Microsoft admits 'power issue' downed Azure services in West Europe
Work ongoing to manually recover some storage nodes
Updated Microsoft techies are trying to recover storage nodes for a "small" number of customers following a "power issue" on October 20 that triggered Azure service disruptions and ruined breakfast for those wanting to use hosted virtual machines or SQL DB.
The degradation began at 0731 UTC on Friday when Microsoft spotted the unspecified power problem, which affected infrastructure in one Availability Zone in the West Europe region. As such, businesses using VMs, Storage, App Service, or Cosmos and SQL DB suffered interruptions.
So what caused this unplanned downtime session? Microsoft says in an incident report on its Azure status history page: "Due to an upstream utility disturbance, we moved to generator power for a section of one datacenter at approximately 0731 UTC. A subset of those generators supporting that section failed to take over as expected during the switch over from utility power, resulting in the impact."

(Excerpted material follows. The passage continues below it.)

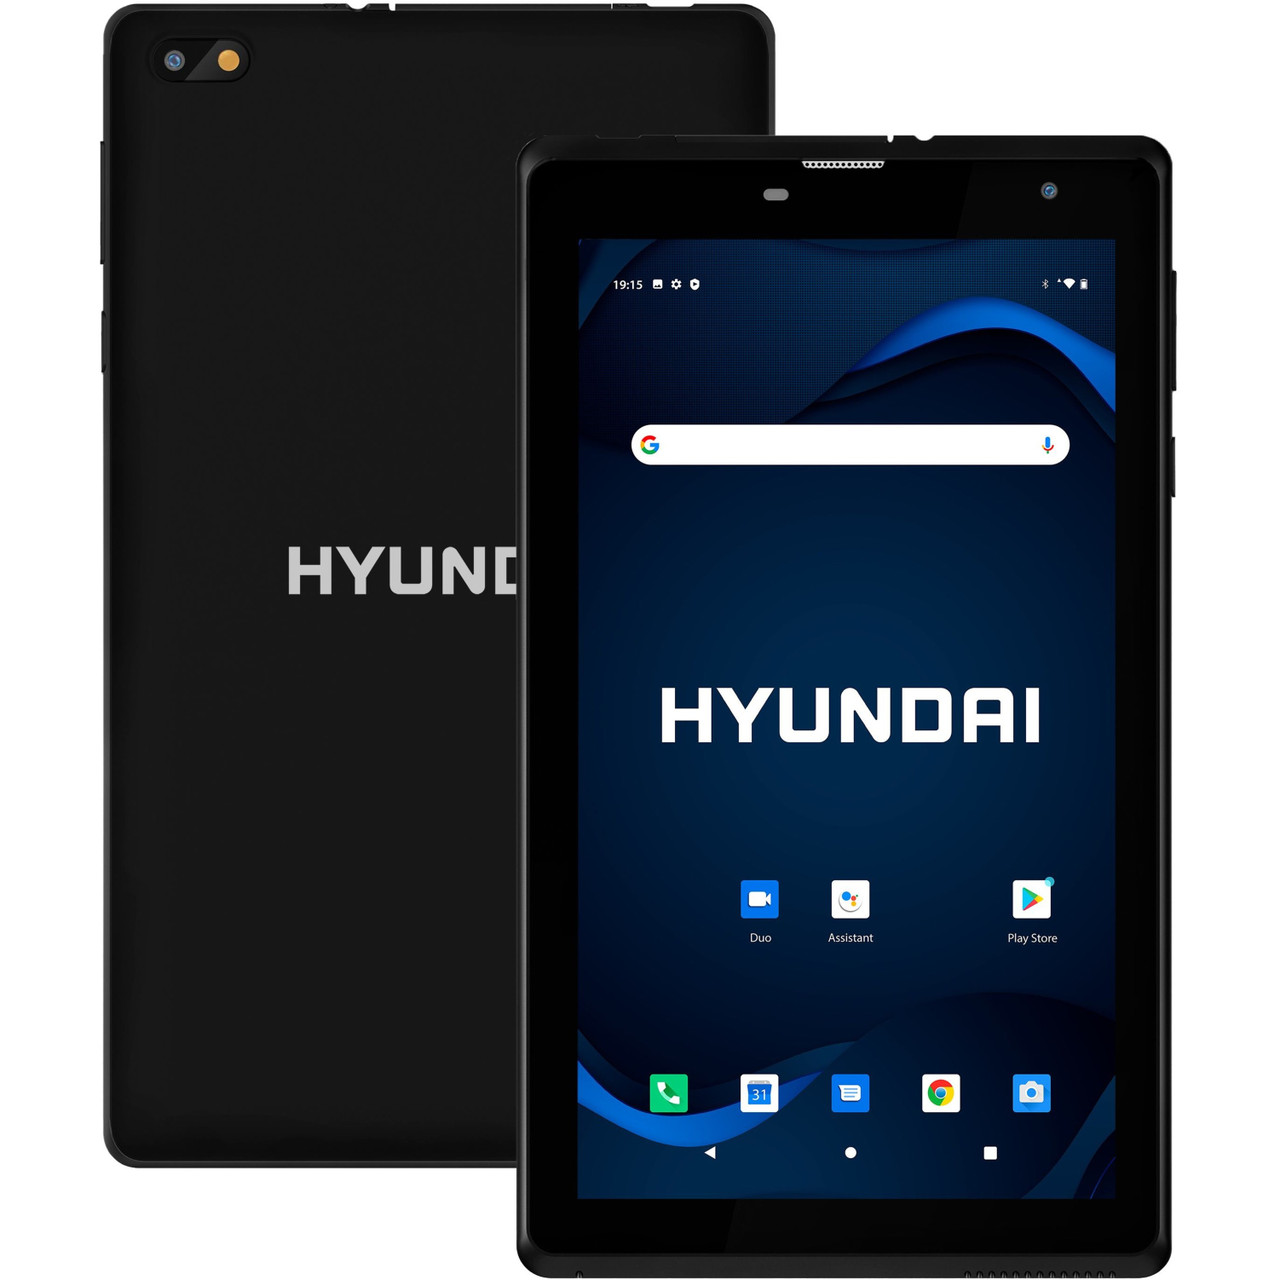 Hyundai HyTab 7WC1, 7" Tablet, 1024x600 IPS, Android 10 Go edition, Quad-Core Processor, 1GB RAM, 32GB Storage, 2MP/2MP, WIFI - Black - HT7WC1PBK

Engineers managed to restore power again at around 0800 UTC and the impacted infrastructure began to clamber back online again. When the networking and storage plumbing recovered, compute scale units were brought into service, and for the "vast majority" the Azure services were accessible again from 0915 UTC.
Yet not everyone was up and running smoothly, Microsoft admitted.
"A small amount of storage nodes needs to be recovered manually, leading to delays in recovery for some services and customers. We are working to recover these nodes and will continue to communicate to these impacted customers directly via the Service Health blade in the Azure Portal."
- Down and out: Barclays Bank takes unplanned digital detox, customers not invited
- Gas supplier blames 'rogue' code for Channel Island outage
- Salesforce engineers roll back change after breaking own cloud for hours today
- Square blames last week's outage on DNS screw-up
We've asked Microsoft for an update on when those punters can expect normal service to resume.
Microsoft last reported unscheduled downtime Azure SQL in mid-September. It was out for the count on the US east coast after a network power failure. The problem wasn't mitigated for more than half a day. Luckily it was a Saturday, so only die-hard workers were impacted.
A far worse biz interruption came in late August when the entire Australia East cloud region went under, with Microsoft admitting that insufficient staff numbers on site was, in part, to blame and borked automation didn't help.
A report by the Uptime Institute in March found the rate of infrastructure outages had slowed in recent years, but they can still be pretty pricey when they happen. It said: "Decades of innovation, investment and better management mean that, overall, critical IT systems, networks and datacenters are far more reliable than they were."
It found that two-thirds of blackouts now cost more than $100,000 on average. ®
Updated at 15.20 UTC on October 24 2023, to add:
A spokesperson at Microsoft sent us a statement:
"A small number of customers in West Europe may have experienced a longer duration of impact as we worked to recover some servers that required additional diagnostics. All services have now been fully restored and there is no indication of data loss for customers."